[208]: Doubt has been cast on this story, owing to the incidental mention by the chronicler of a shaped head-space in this coffin. This has been held to point to a twelfth century origin for the Legend, inasmuch as such head-spaces were not used until that date. In the present year(1910), however, an undoubtedly Roman sarcophagus thus shaped has been unearthed in Egypt. It is figured in the Illustrated London News (July 23, 1910).

[209]: Archdeacon Cunningham doubts this.

[210]: See p. [178].

[211]: See my History of Cambridgeshire.

[212]: A mark of silver was worth 13s. 4d.; a mark of gold was 100 shillings. A labourer's wage was at this date 1d. per day, so that these sums must be multiplied thirty-fold to get their equivalent value at the present day.

[213]: The county, at this time, comprised only the district south of the Isle.
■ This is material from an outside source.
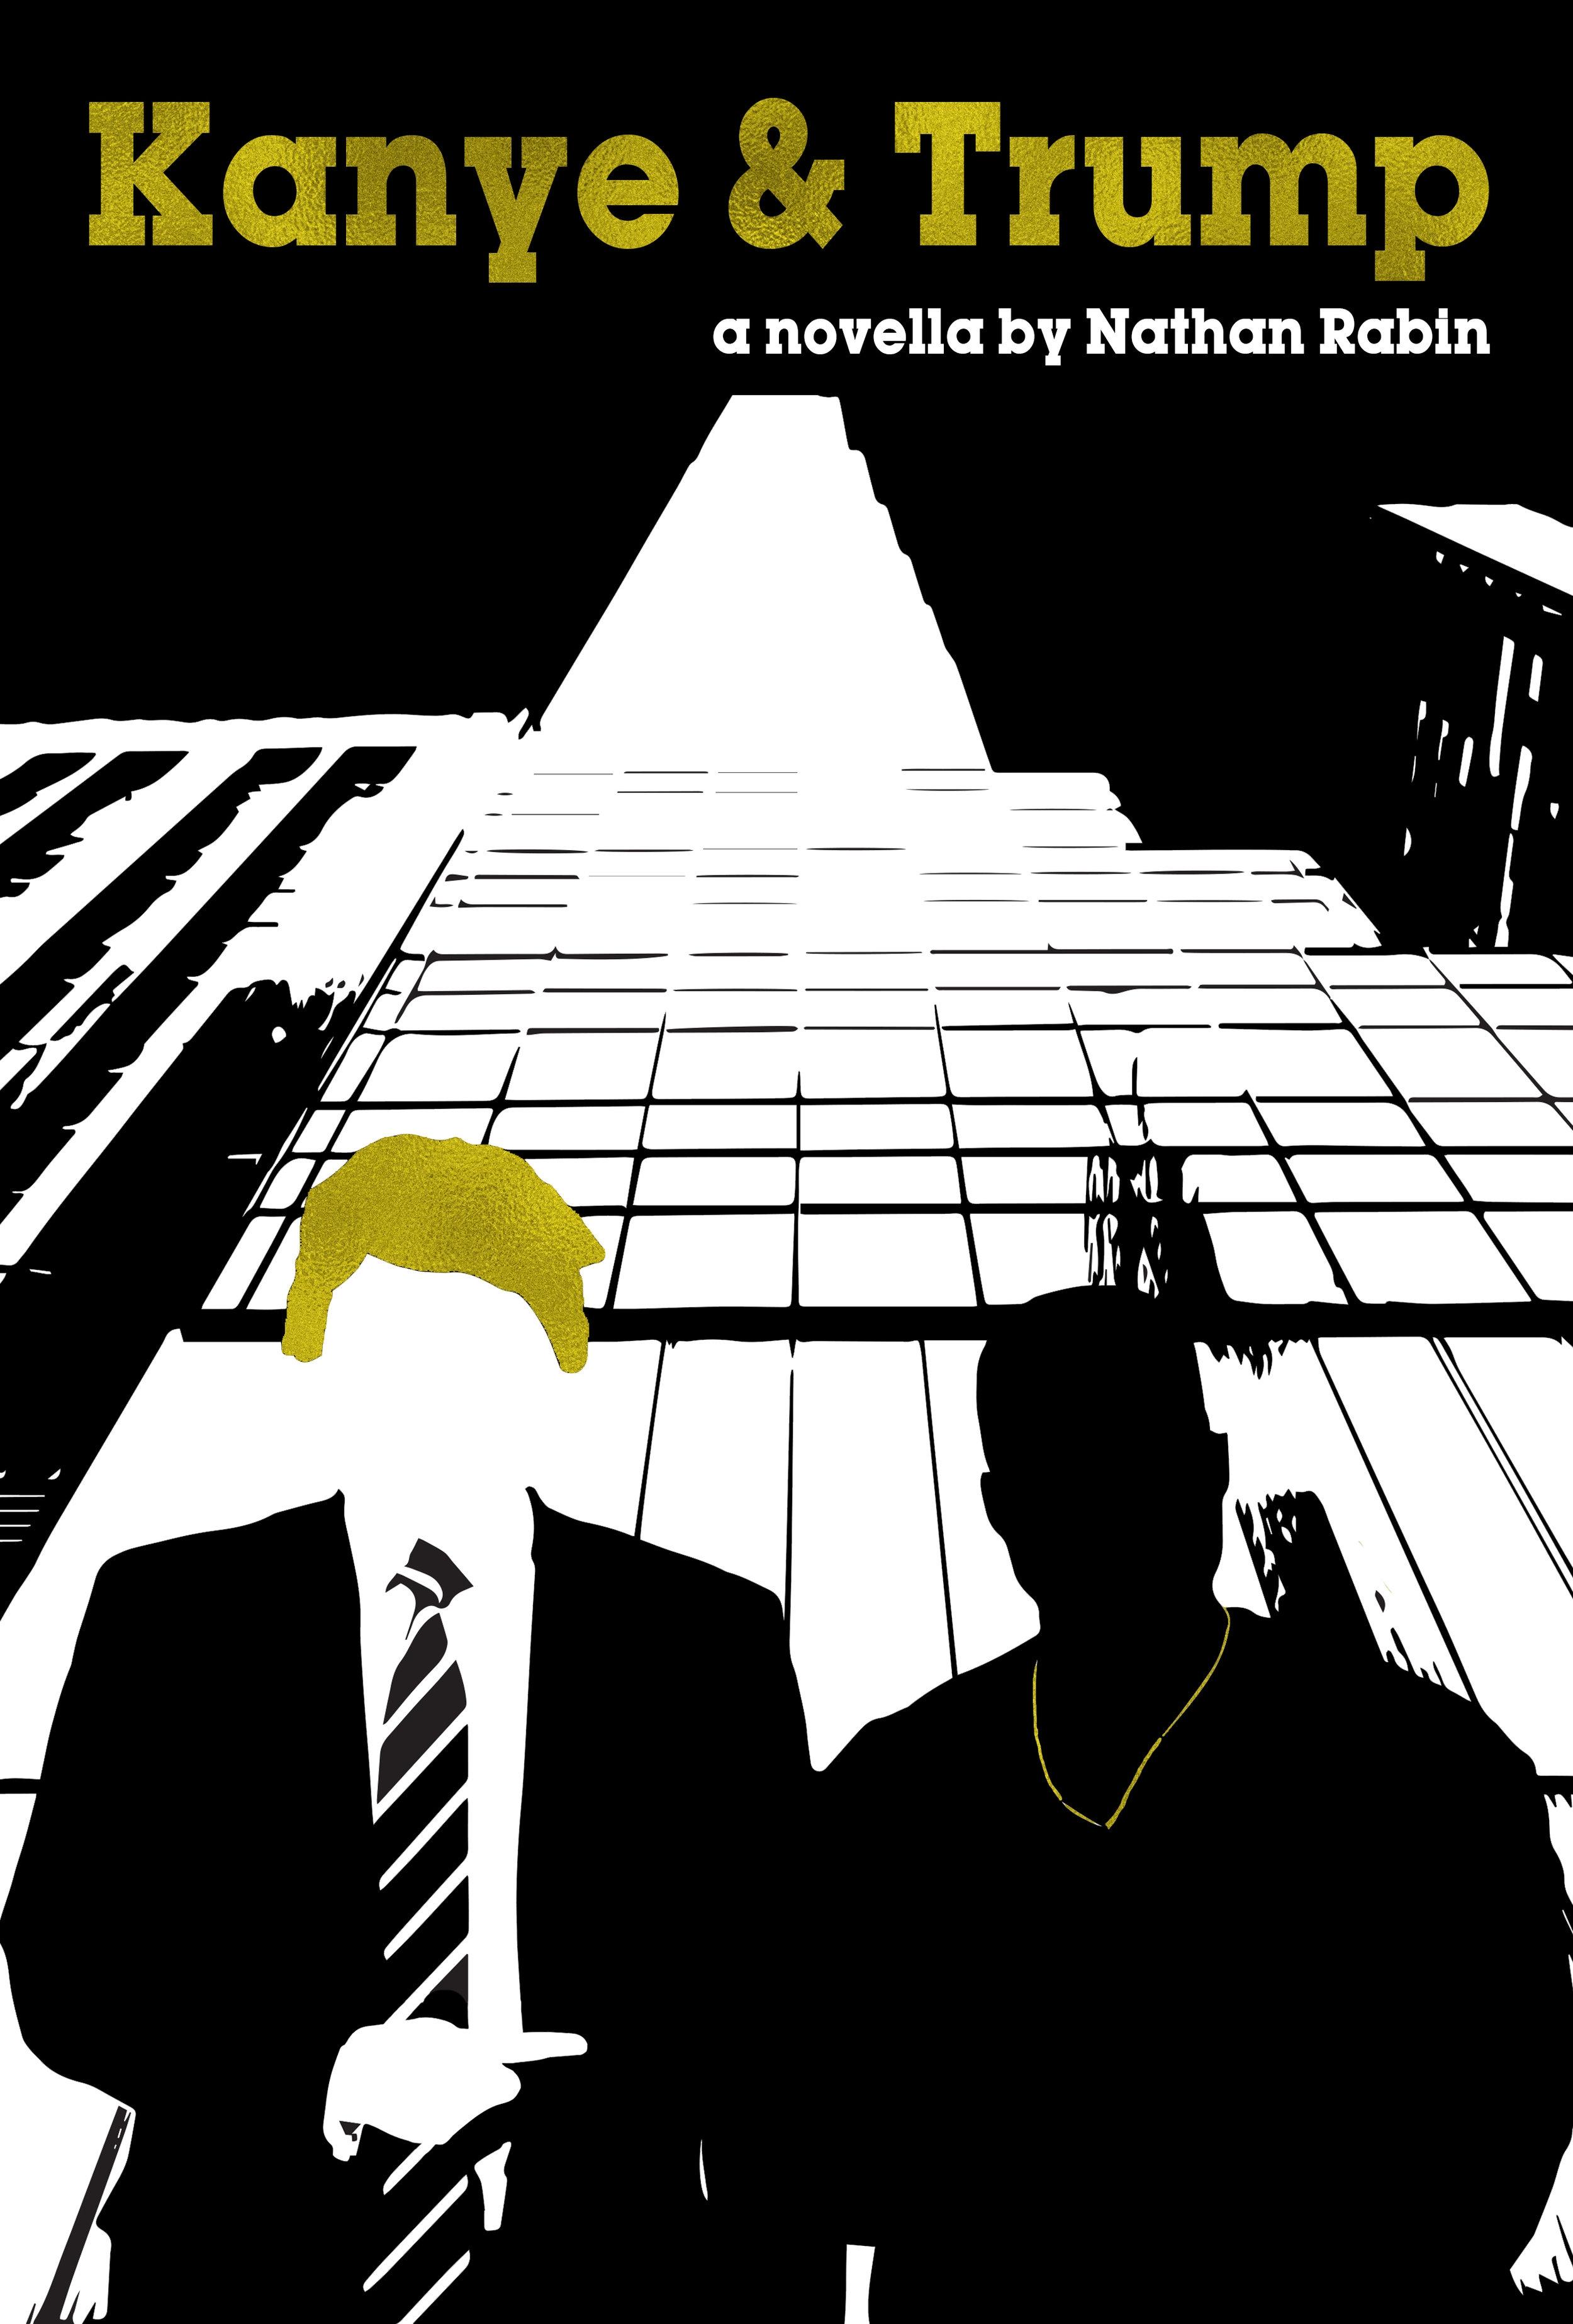 Kanye & Trump: a Novella

This ecclesiastical connection between it and the Isle was the first towards their later unification. See p. [8].

[214]: We find the monks complaining that the £300 a year (equivalent to £9,000 now), to which the Abbey income sank in the twelfth century would barely support forty monks. The best working standard by which to ascertain how much money is worth in any given age is the current day-wage of a labourer. In the fourteenth century this was 1d.; it is now 2s. 6d. Therefore money went thirty times as far then as now.

[215]: This was a cassock lined with wool. The word surplice is derived from it, being an alb roomy enough to wear over a pellice.

[216]: The boots were of soft leather rising nearly to the knee.

[217]: This was probably the head-covering which the monks of Ely wore, by special licence from the Pope, "on account of the windy situation of their church." The name may survive in our modern "billy-cock."